Ramelius had on Tuesday declared its offer unconditional and was offering Dioro shareholders two of its own shares for every one Dioro share held. If Ramelius acquired 100% of Dioro’s shares, Dioro shareholders would hold about 45% of the merged entity, with Ramelius shareholders holding the balance.
Dioro chairperson Ted Grobicki said in a statement that a merger between the companies was unlikely to occur as Dioro’s major shareholder, Avoca Resources, which currently held a 44,8% stake in Dioro, has stated publicly that it would not accept the Ramelius offer.
Grobicki further noted that Dioro’s gold assets were also more valuable then the Ramelius gold assets, with its entire mineral resources an estimated 23 times larger than the Ramelius assets. Dioro was also achieving record production results, having produced 21 353 oz of gold during the quarter ended August.

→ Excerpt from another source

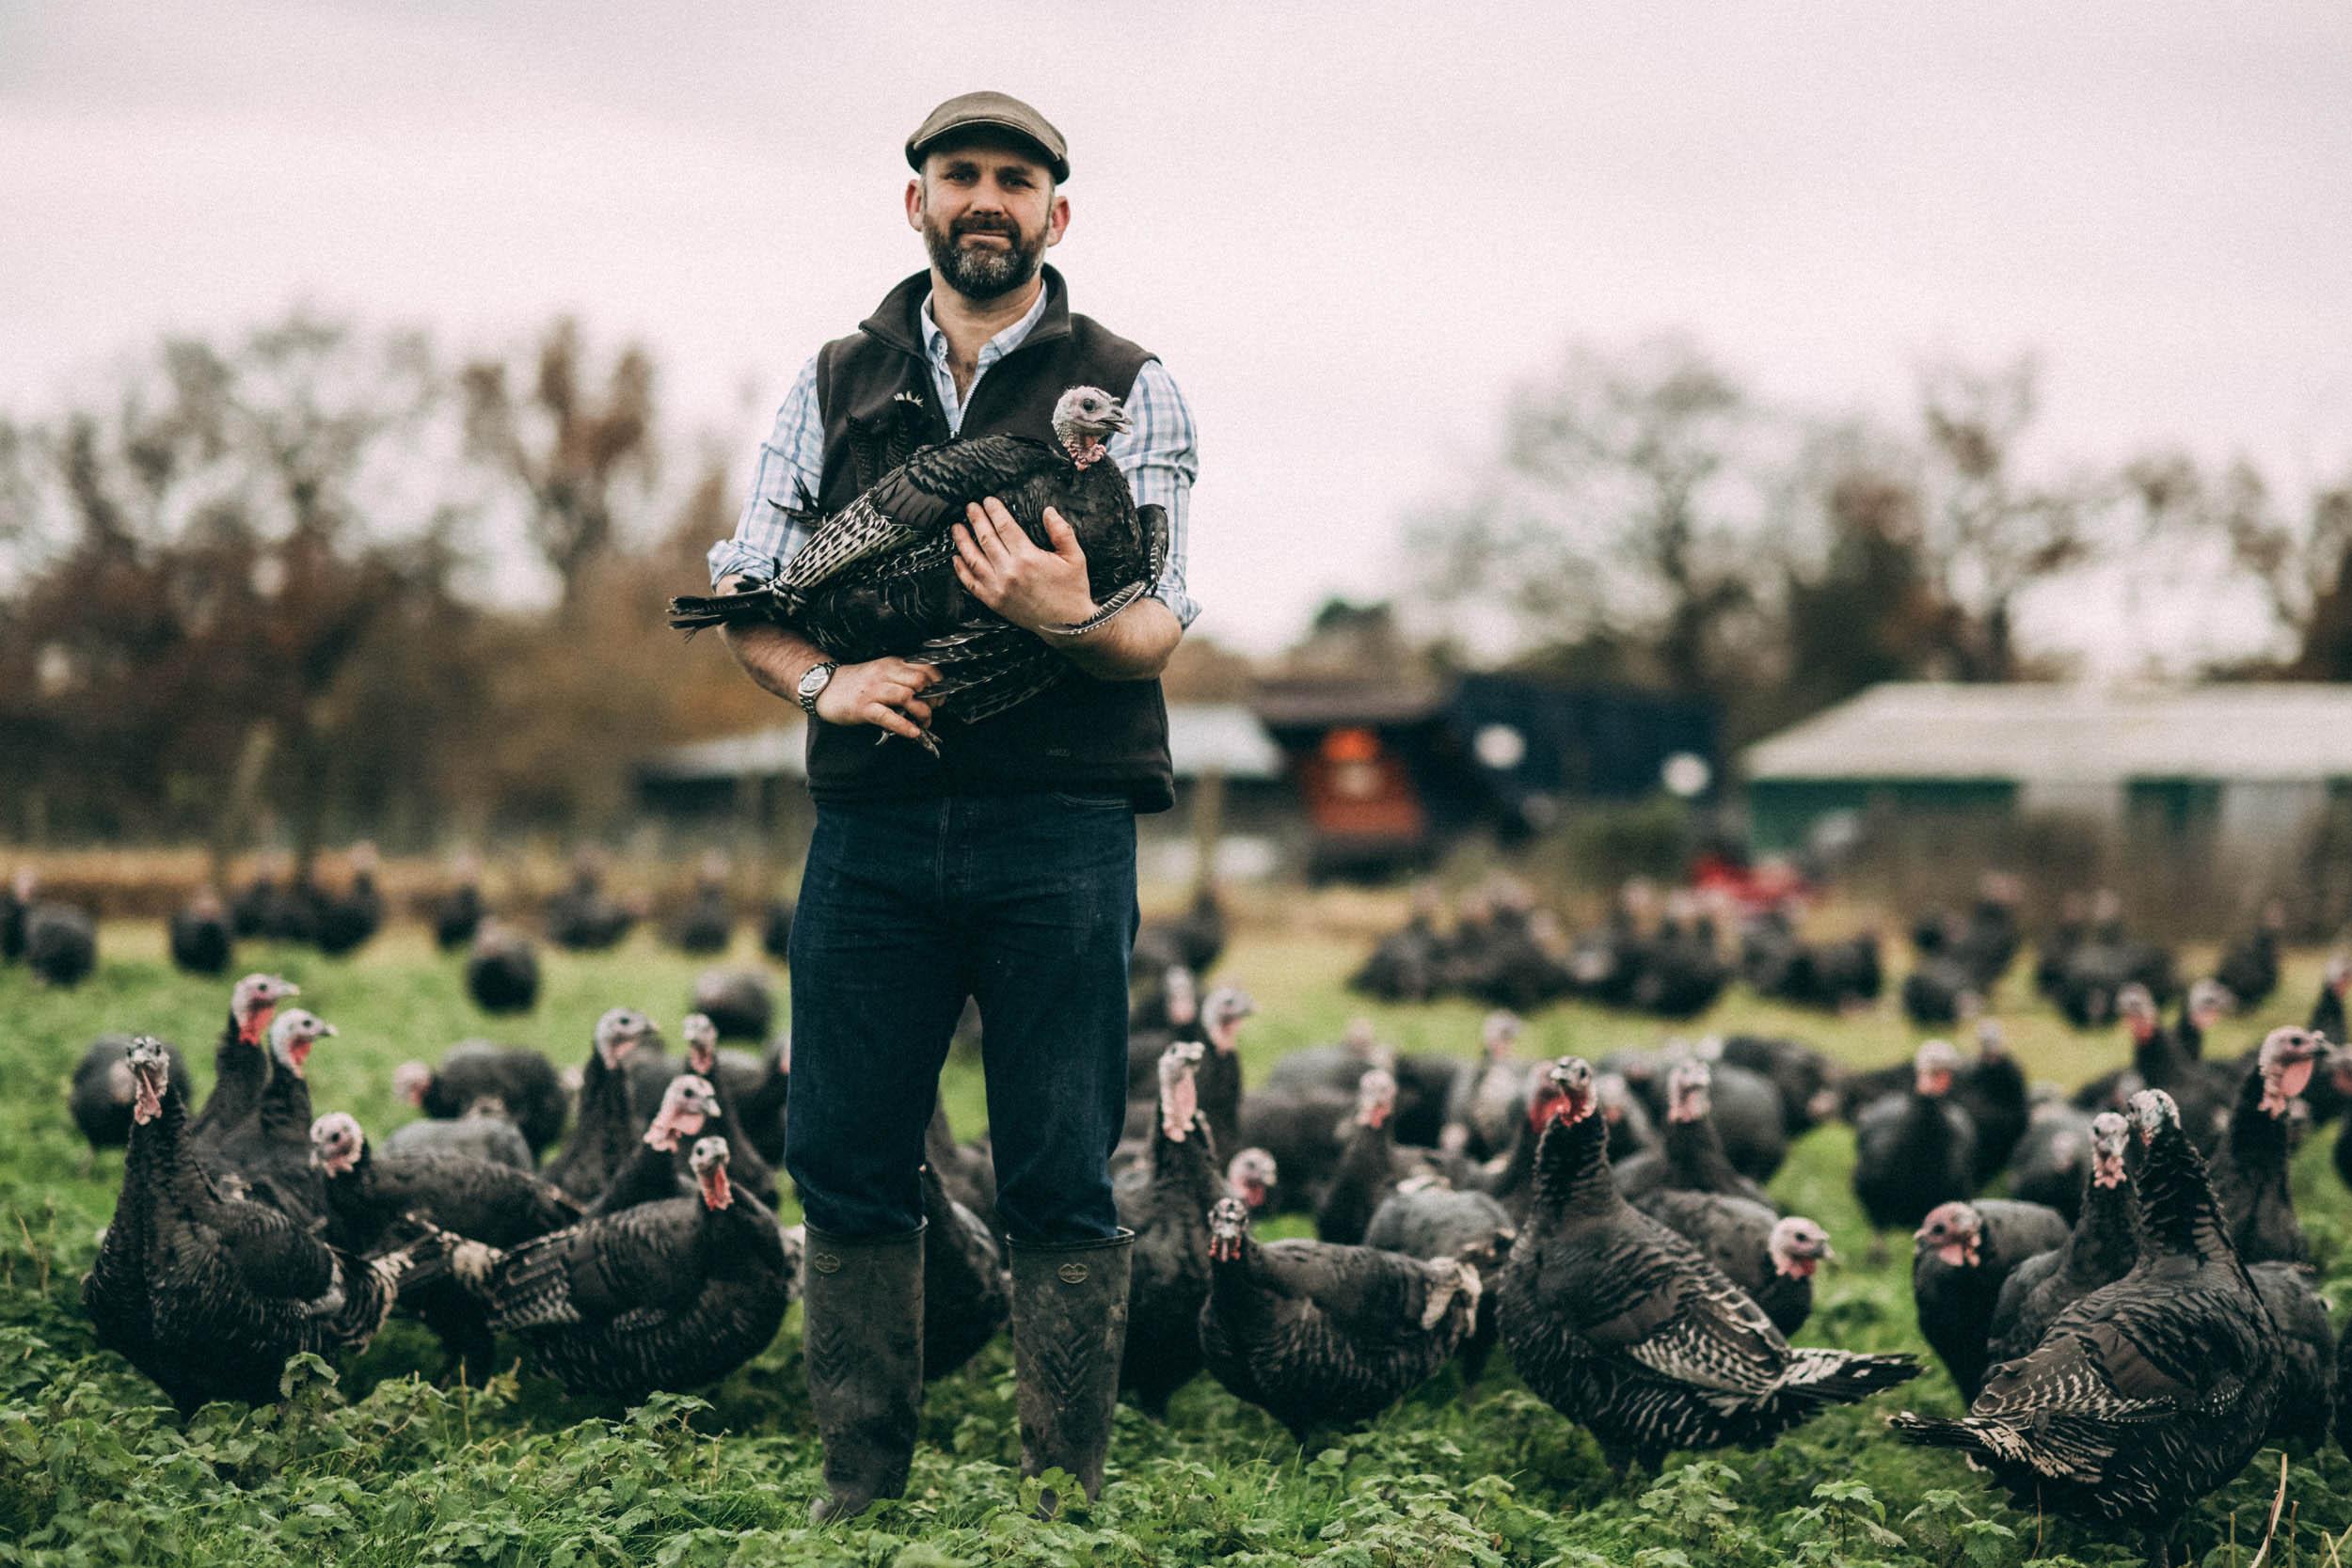 Bramble-farm-free-range-turkeys-surrey-153-adrian-joy.jpg
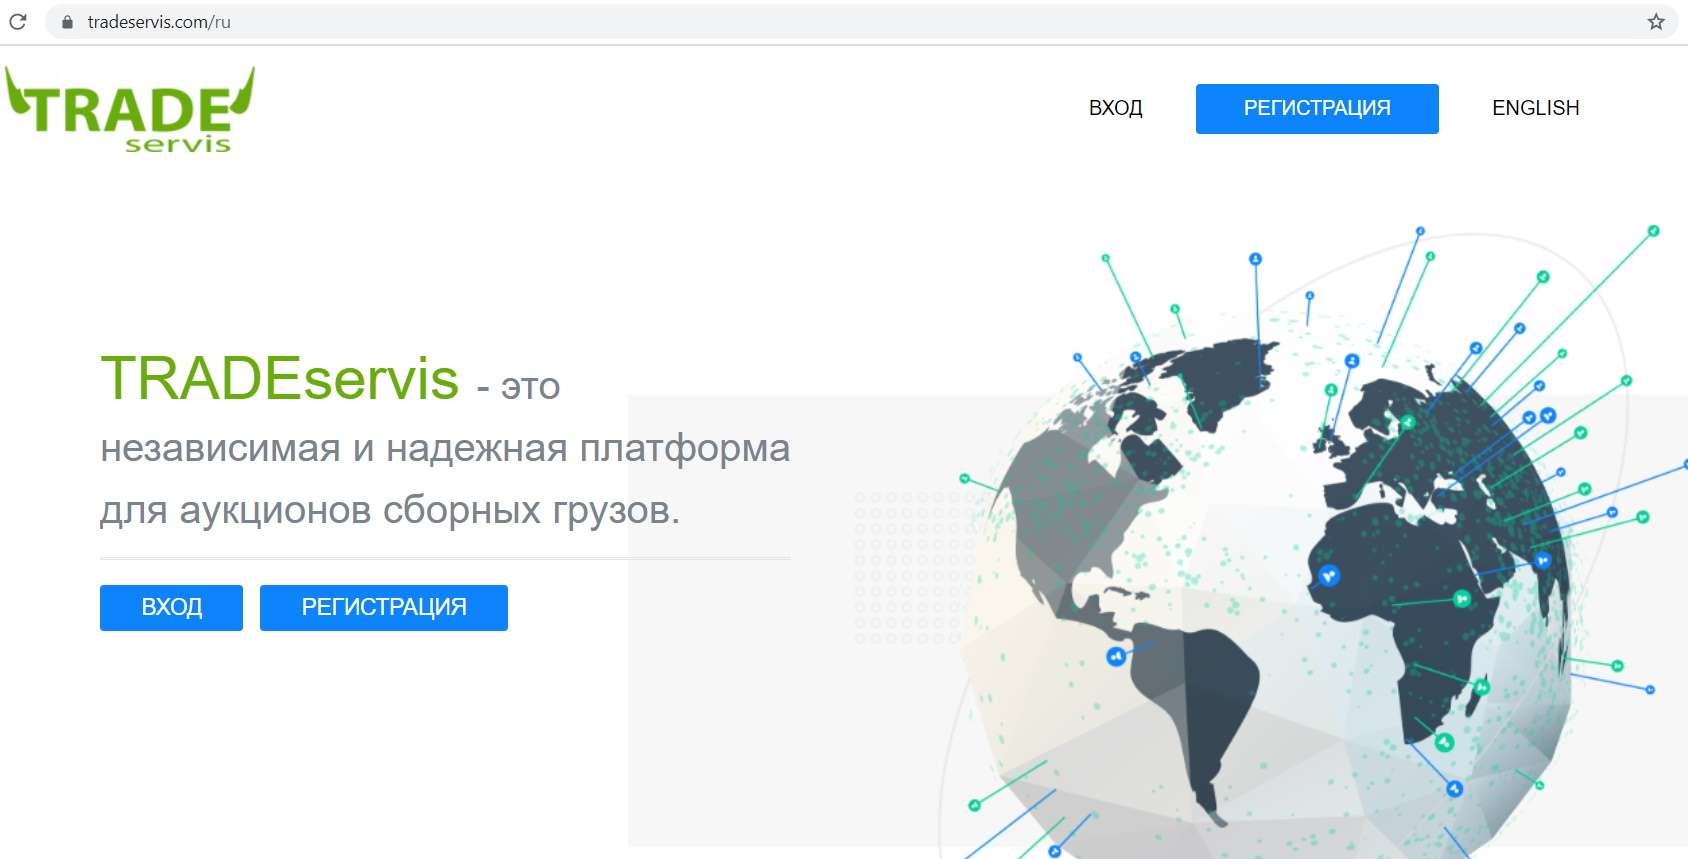 Главная страница сайта tradeservis.com

“The independent directors believe that the value and quality of Dioro’s gold assets are superior to those of Ramelius and therefore recommend that Dioro shareholders reject the Ramelius offer.”
Grobicki added that the value of its portfolio was also made evident by the separate offers made by Avoca Resources and Ramelius, as well as by negotiations with third parties.
“The board and management of Dioro will be working hard in the future to maximise the value of these assets for the benefit of all shareholders,” he stated.